Object Serialization
Object serialization is covered in more detail in Chapter 31, "Persistence and Java Serialization," but a brief overview of how this technology works will clarify the next section covering specific products.
Object serialization simply means to store an object in such a way that the object can be retrieved--as an object--from the store. Objects can be manipulated in memory and can reference their members and any associations. With serialization, you can also store these same objects in a persistent format (such as a system file) for later retrieval.
At its simplest, object serialization is not very difficult. Listing 42.1 shows class ObjectServer with two methods: wrtobj() and rdobj(). The first method creates a Hashtable object and inserts three values into it. The newly created object is then serialized to a file named HASH. The second method, rdobj(), opens this new file and uses serialization to read the object back in. After the Hashtable object is read, one of its elements is accessed and the value of the element is written to standard output. The complete source code for this application can be found on the CD-ROM that comes with this book.
Listing 42.1. The ObjectServer class.
//
// Example using object serialization
//
import java.io.*;
import java.util.*;
// class
public class ObjectServer
{
public static void main(String arg[]) {
try {
wrtobj();
rdobj();
}
catch(Exception e) {
System.out.println(e.getMessage());
}
}
// create object
// serialize to file
public static void wrtobj()
{
// create the hashtable object
Hashtable numbers = new Hashtable();
numbers.put("one", new Integer(1));
numbers.put("two", new Integer(2));
numbers.put("three", new Integer(3));
// serialize the object to a file
try {
FileOutputStream outFile = new FileOutputStream("hash");
ObjectOutput outStream = new ObjectOutputStream(outFile);
outStream.writeObject(numbers);
outStream.flush();
}
catch(IOException e) {
System.out.println(e.getMessage());
}
}
// open serialization file
// read in object
// access object member
public static void rdobj()
{
Hashtable numbers;
// open the file and read in the serialized object
try {
FileInputStream inFile = new FileInputStream("hash");
ObjectInputStream inStream = new ObjectInputStream(inFile);
numbers = (Hashtable)inStream.readObject();
}
catch(IOException e) {
System.out.println(e.getMessage());
}
catch(ClassNotFoundException e) {
System.out.println(e.getMessage());
}
// access the hashtable value and print out
Integer ivalue = (Integer)numbers.get("one");
if (ivalue != null) {
System.out.println("one = " + ivalue);
}
}
}
Listing 42.2 shows the result of running this Java application using java.exe.
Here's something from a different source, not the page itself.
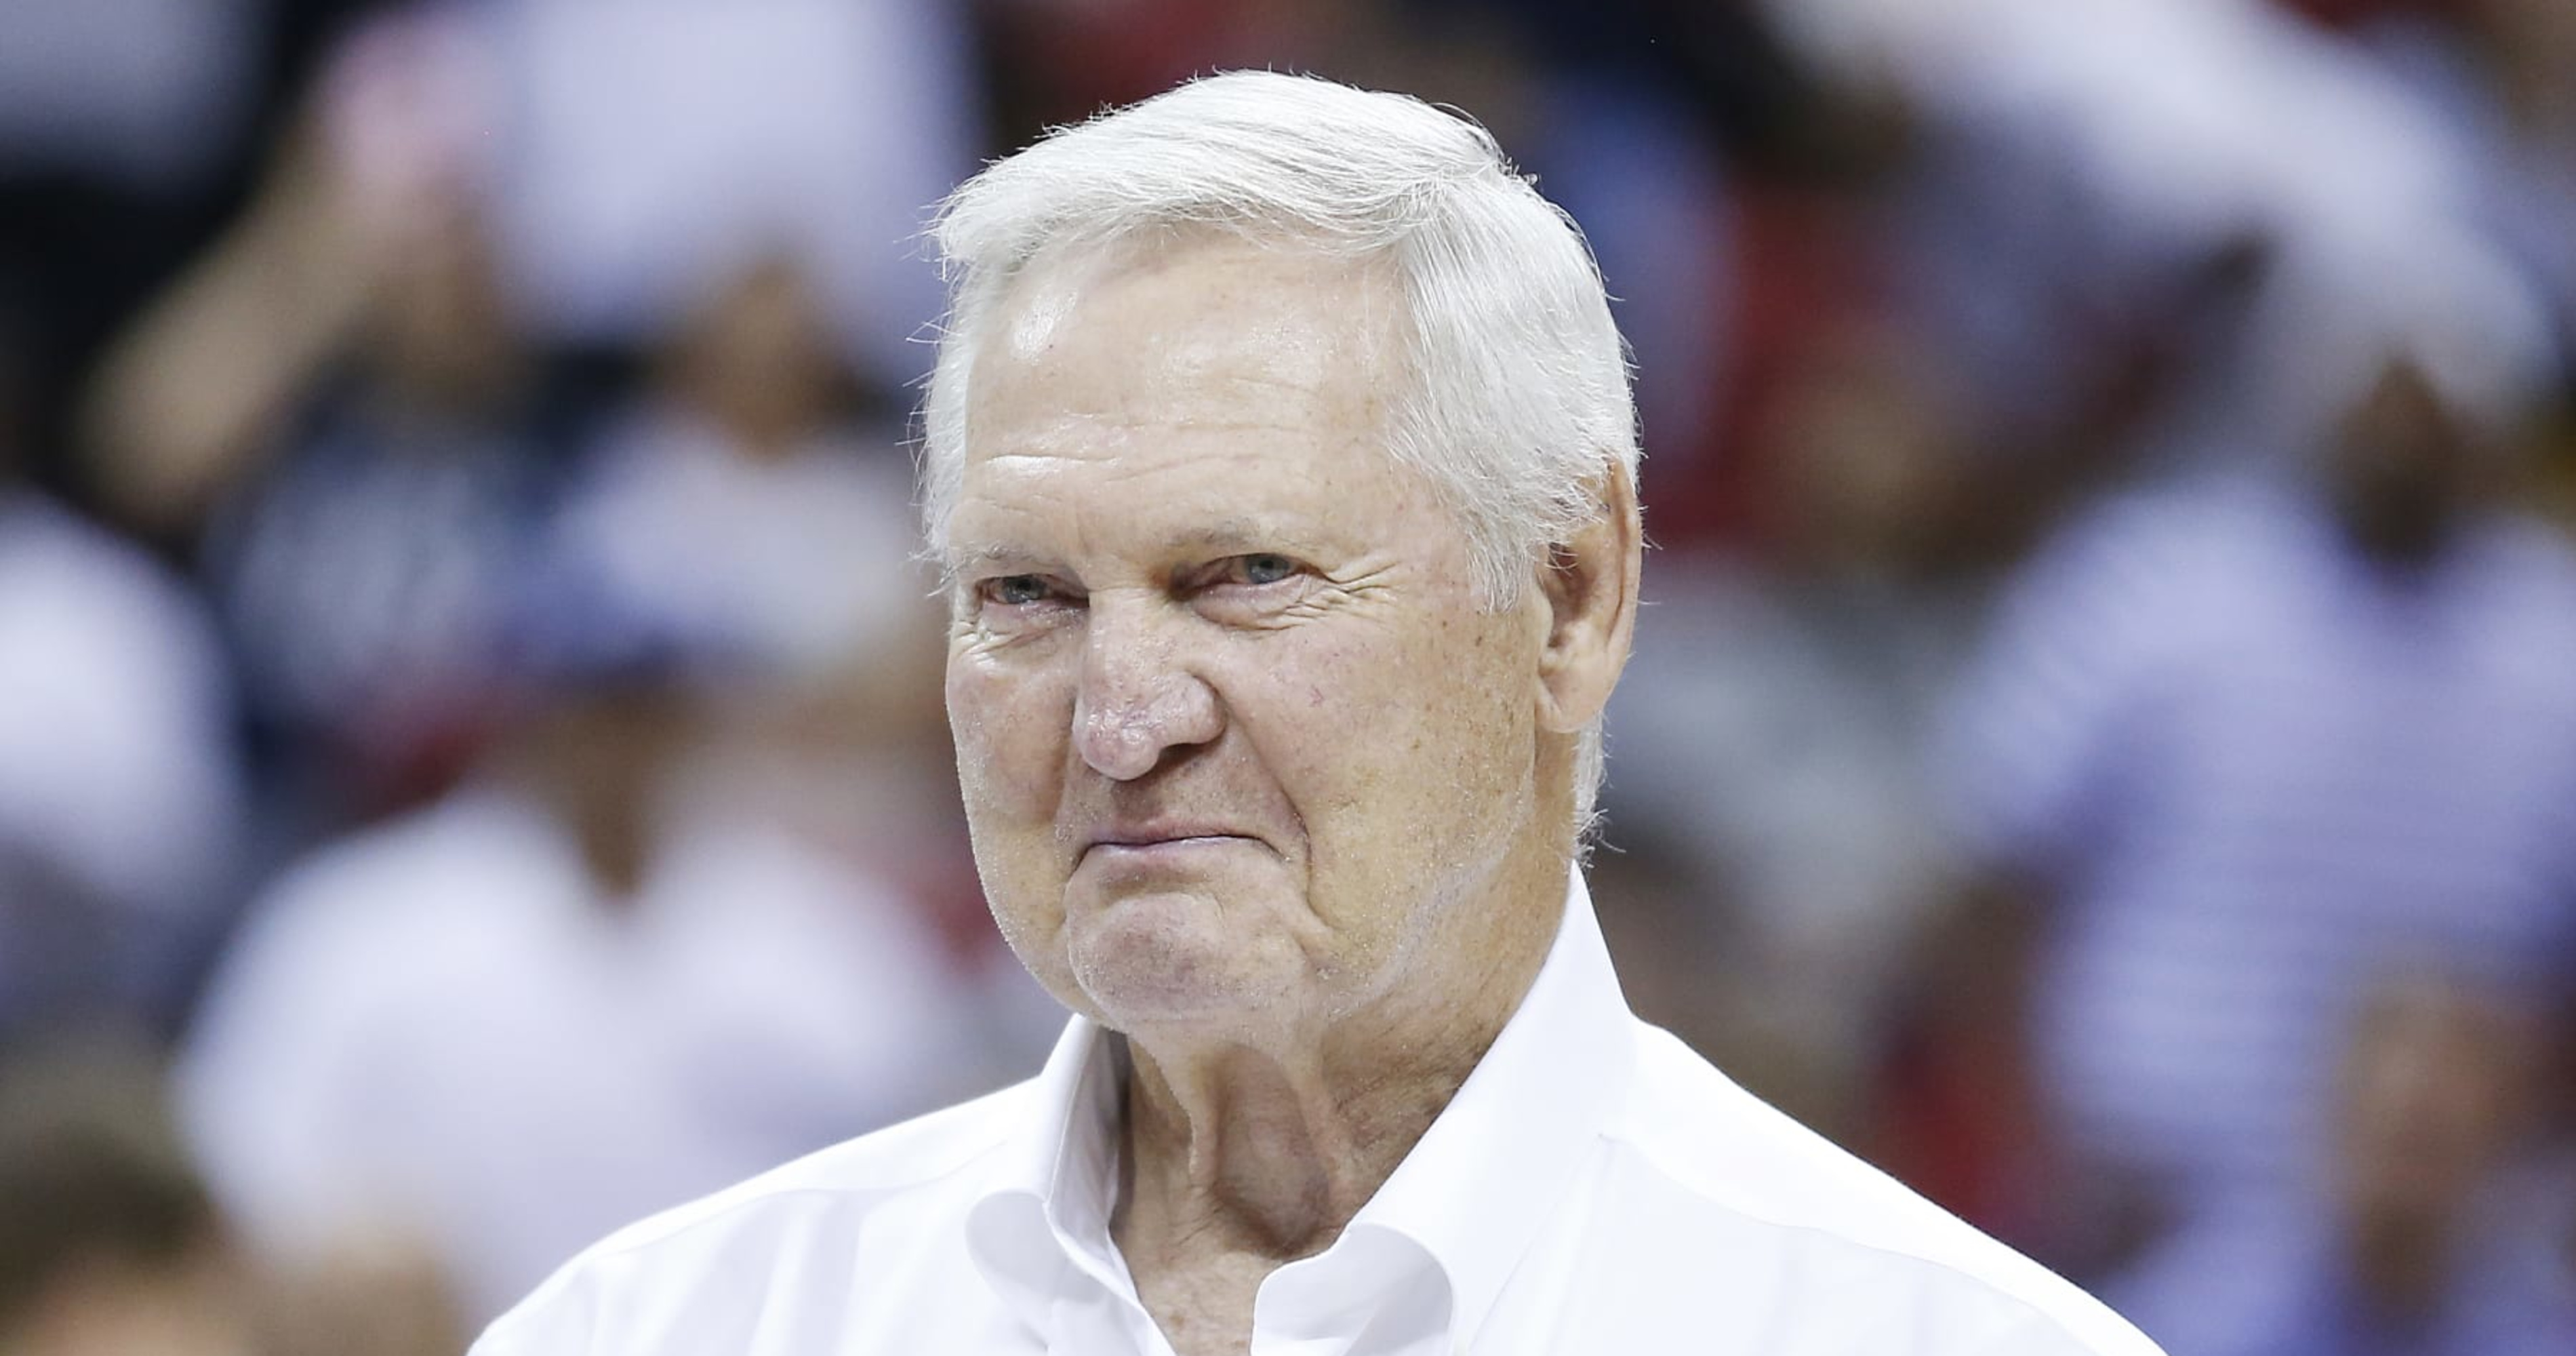 Report: Lakers Legend Jerry West Elected to Basketball HOF for Record 3rd Time

Listing 42.2. The output from the ObjectServer application.
E:\JDK\java\bin java objser one = 1
One thing you probably noticed in Listing 42.1 is that object serialization involves reading and writing from a file. Because of this file access, applet security implemented with most browsers prohibits this code from being used in an untrusted applet. Later in this chapter, RMI (Remote Method Invocation) is used with the object serialization class to serialize the data to the Web server machine. You can read more about using digital authorization to create trusted applets and other security issues in Chapter 16, "The Security Package," Chapter 34, "Java Security," and Chapter 37, "Code Signing and JAR Security."
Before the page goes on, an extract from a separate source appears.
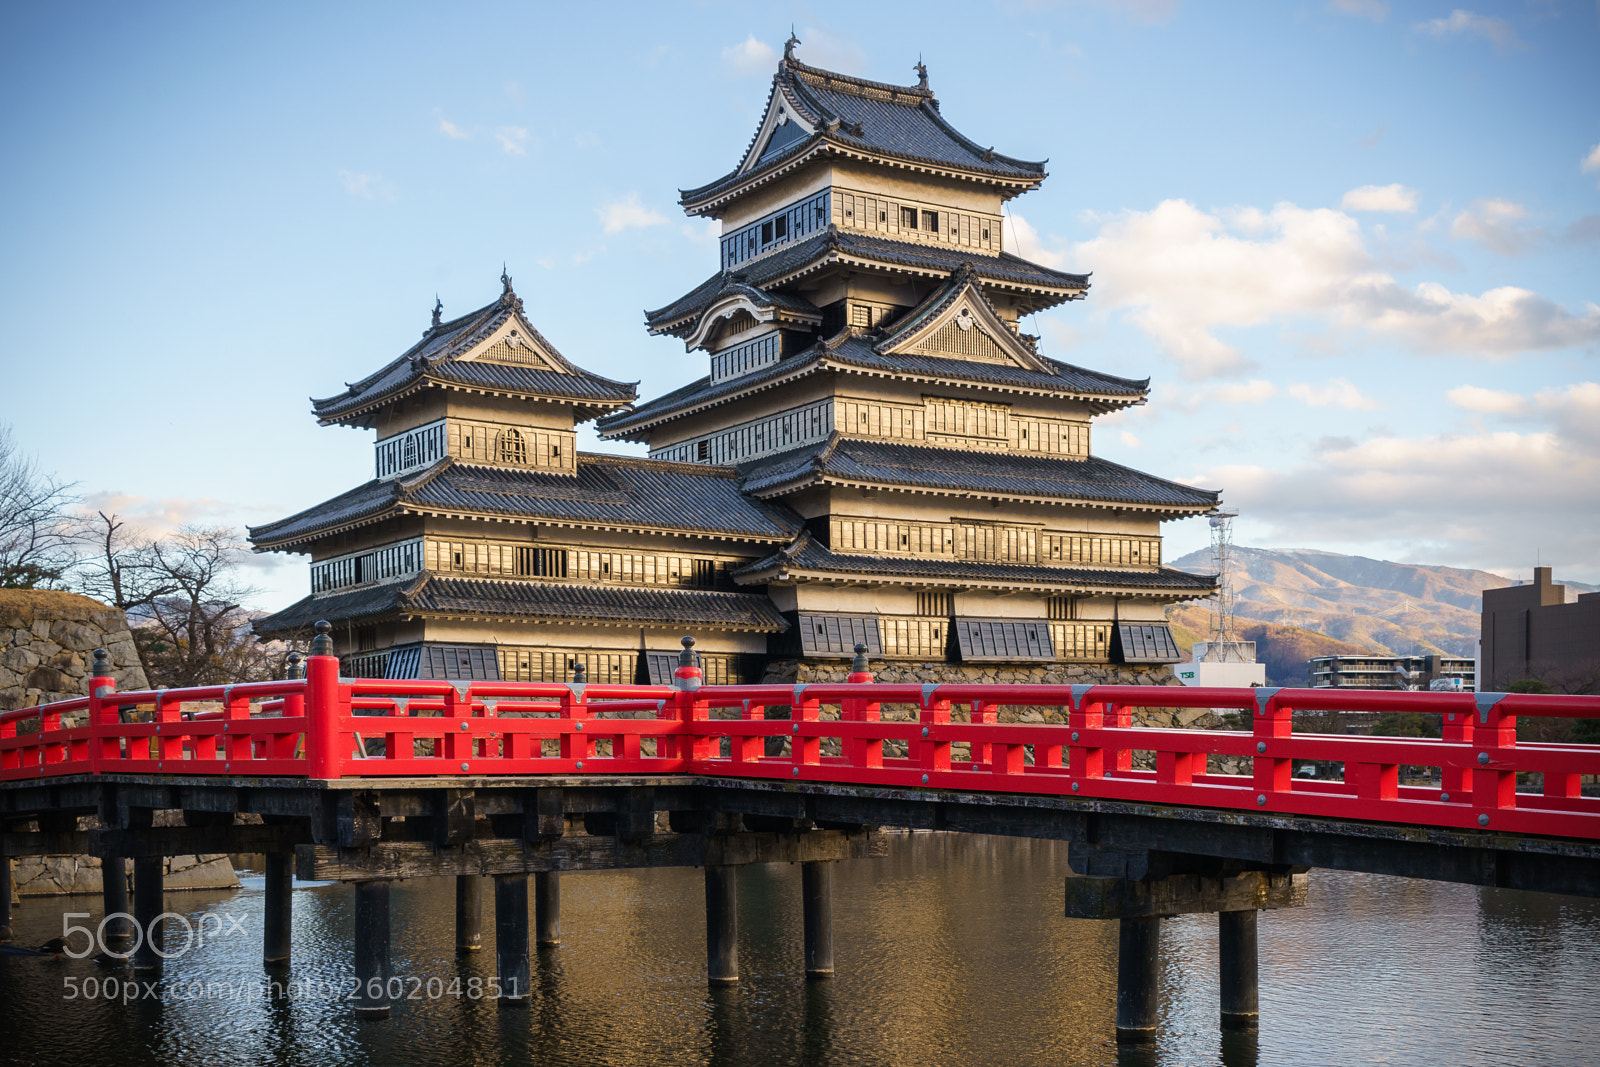 Sony a7 II sample photo. Matsumoto castle bathed by photography

ObjectStore PSE for Java and the Java Software Development Kit
Object Design, Inc., manufactures the product ObjectStore PSE (Persistent Storage Engine) for Java; ObjectStore provides single-use persistent storage. The company provides a free downloadable version of this product at their Web site at http://www.odi.com. Their fully functional version of this product, ObjectStore PSE Pro for Java, can also be purchased from the Object Design, Inc., site. The company has created an API and a toolset to give you the ability to create persistent Java stores.
To use the product in your Java applet or application, you first initialize ObjectStore:
ObjectStore.initialize(null, null);
Type the following lines to create a database and a transaction:
Database db = Database.create (sname, Database.allRead | Database.allWrite); Transaction tr = Transaction.begin(Transaction.update);
The objects are then stored using a createRoot() method call, which appends the object to the database. For example, the following example creates the Rose object in the Flower class with a constructor that takes two strings and an integer:
Flower rose = new Flower("rose", "perennial",1);
db.createRoot("Rose", rose);
tr.commit();
To read the object, a transaction is created, the object is retrieved from the database, and the object members (including any associated objects) are accessed directly:
Transaction tr = Transaction.begin(Transaction.readOnly);
Flower someflower = (Flower)db.getRoot("Rose");
String s = someflower.name;
tr.commit();
ObjectStore PSE does require that a postprocessor be used on the class file to make the class object capable of persistence.
NOTE: ObjectStore PSE for Java has been licensed by Netscape and will be included with the final released version of Netscape Communicator. Additionally, Microsoft has licensed the product and is bundling it with the Microsoft SDK for Java.
POET Software has created its own Java API to handle persistent storage; that product is called the POET Java Software Development Kit (SDK). The product can be downloaded for evaluation from the POET Web site at http://www.poet.com. Information about POET Software's Java SDK product is a bit sketchy at the time this book goes to press because the product is in beta release and most of the documentation is about POET Software's other products.
From the examples, it looks as if the POET product works in a manner similar to ObjectStore PSE except that you can work with remote as well as local persistent data stores. You would have to establish a connection, open a database, create an object, and store it.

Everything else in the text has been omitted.